*AIM OF THE TASK*. Copy only those lines which run from the line containing "Grote boekenlegger Rabbi" to the end of the entries below, both inclusive, exactly as written and with no pictures.

*RECORDS FOR THIS TASK*.
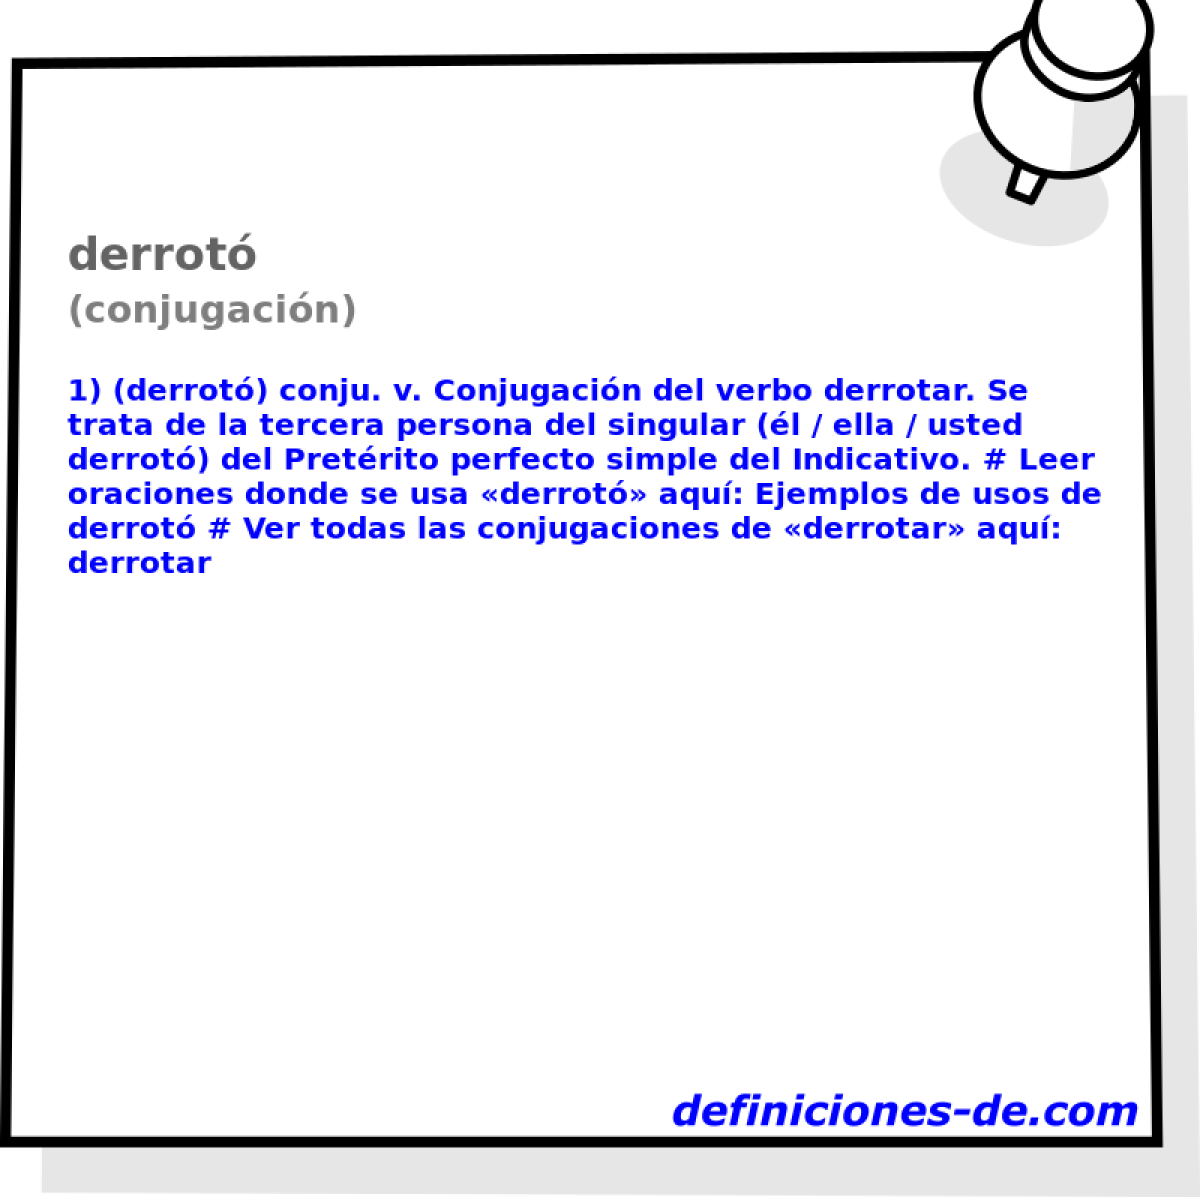 derrot (conjugacin)
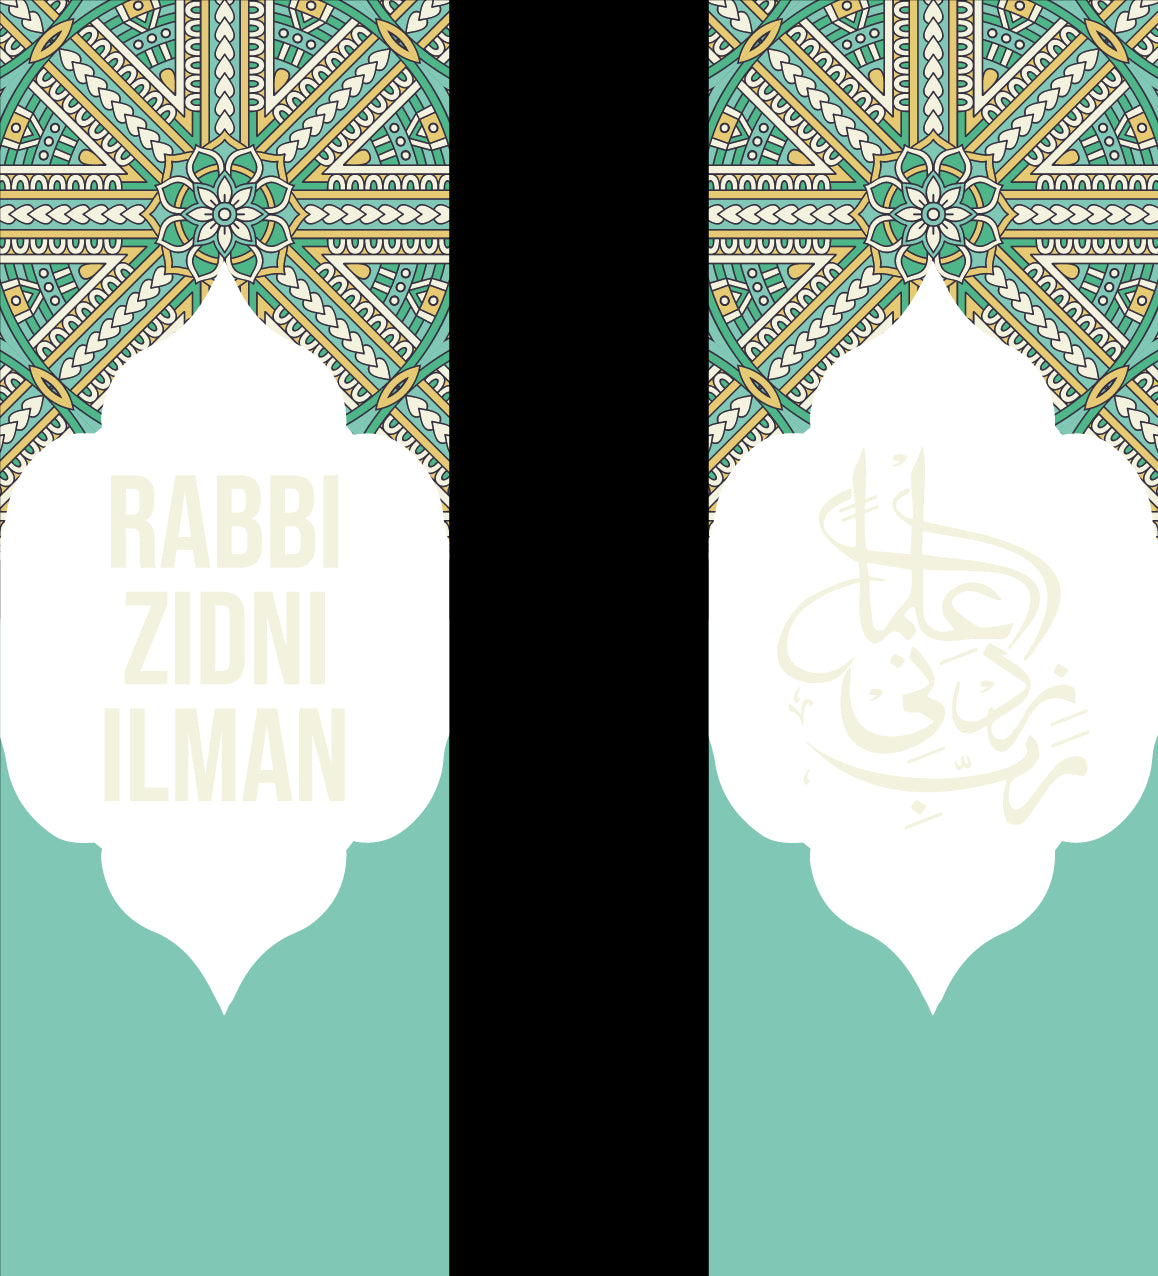 Grote boekenlegger Rabbi Zidni Ilman - Mosaic Green
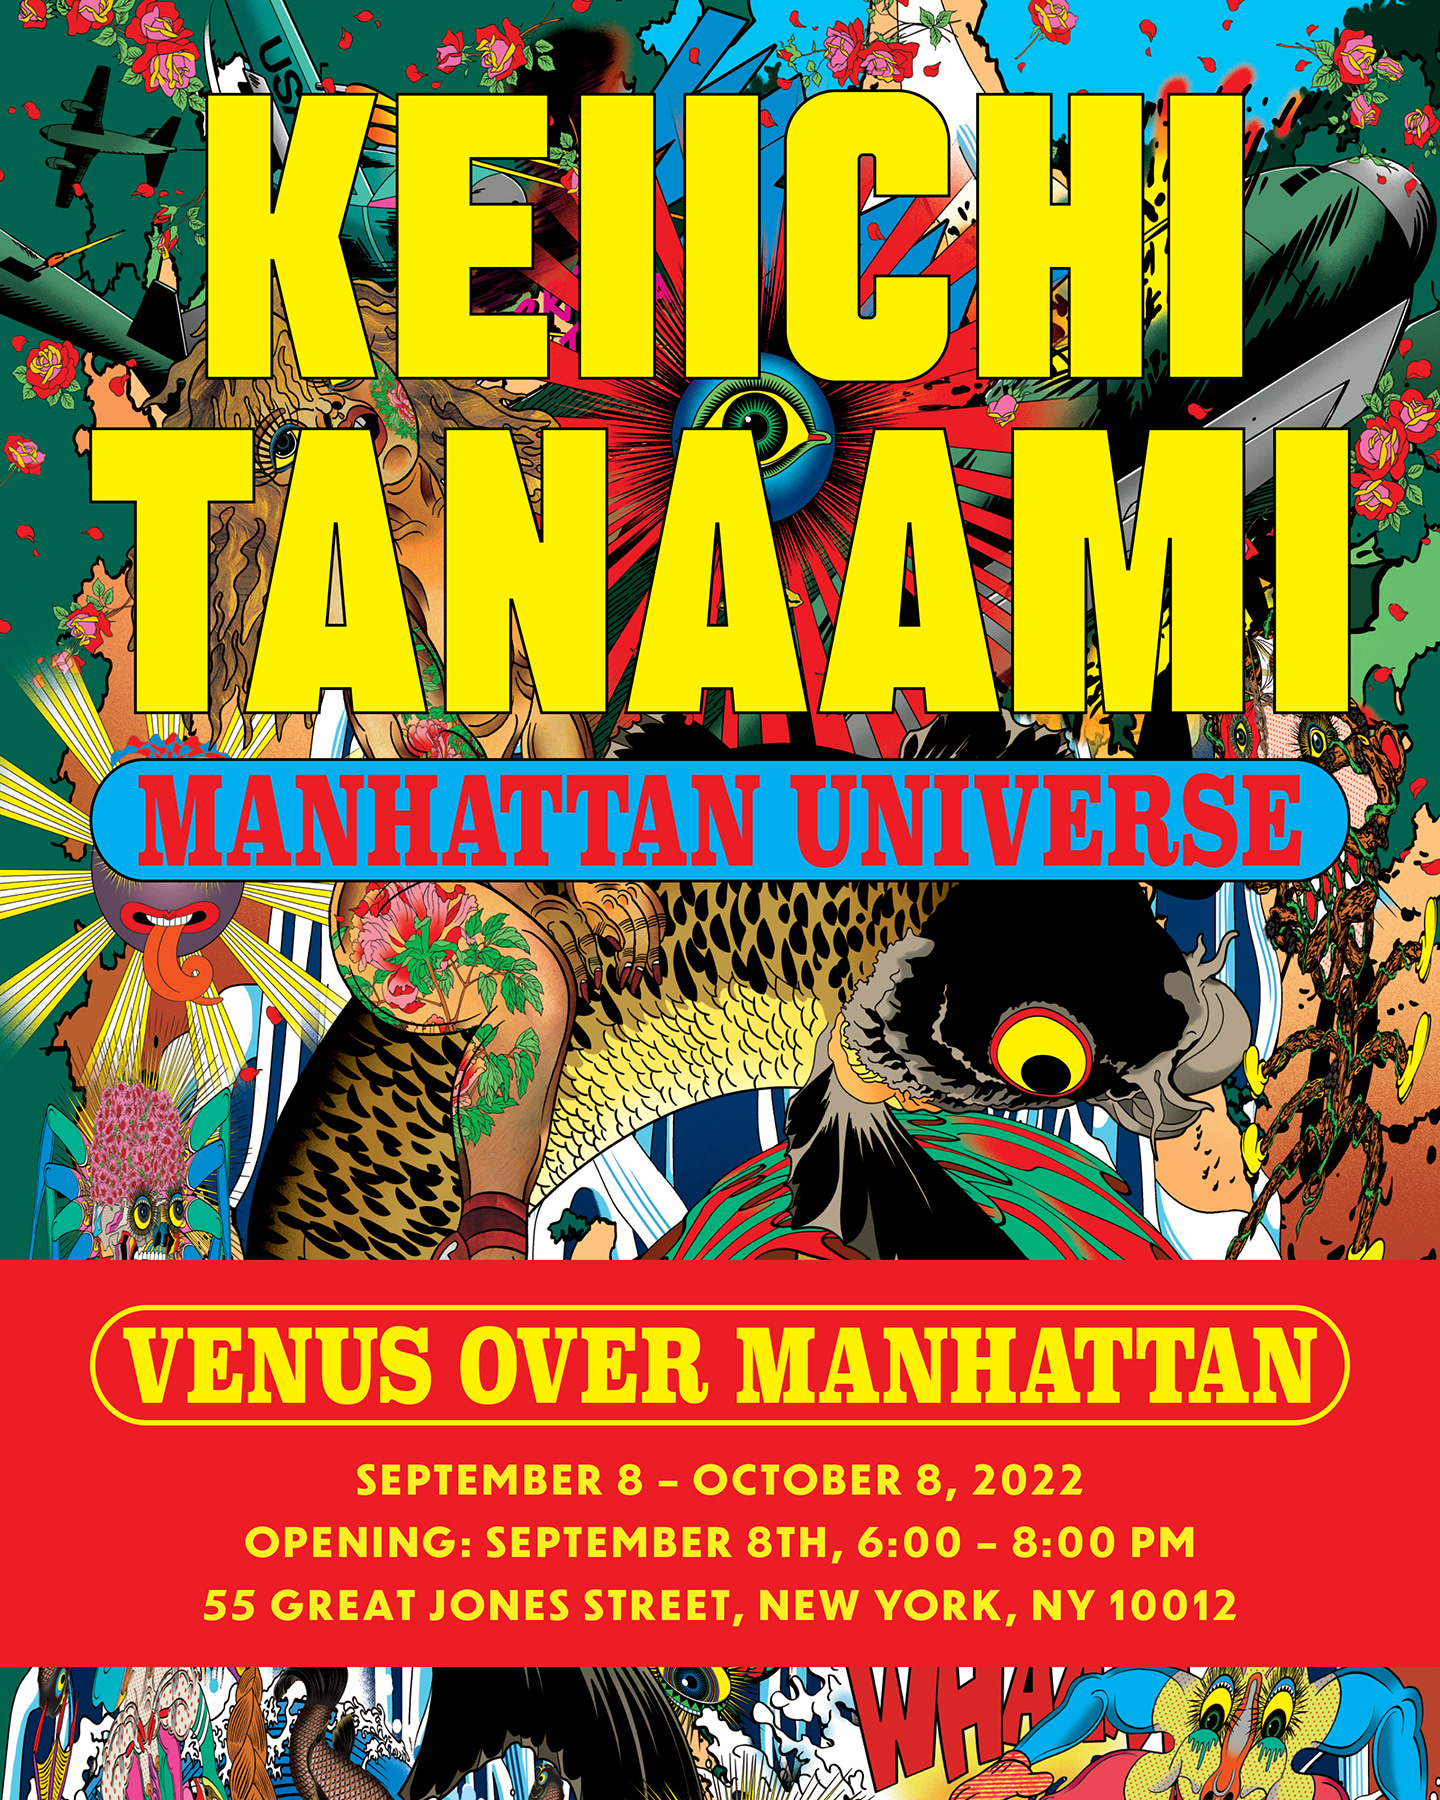 Keiichi Tanaami: Manhattan Universe
September 8 - October 8
55 Great Jones Street

Image Link

*THE COMPLETED TASK*.
 Grote boekenlegger Rabbi Zidni Ilman - Mosaic Green
 Keiichi Tanaami: Manhattan Universe
September 8 - October 8
55 Great Jones Street

Image Link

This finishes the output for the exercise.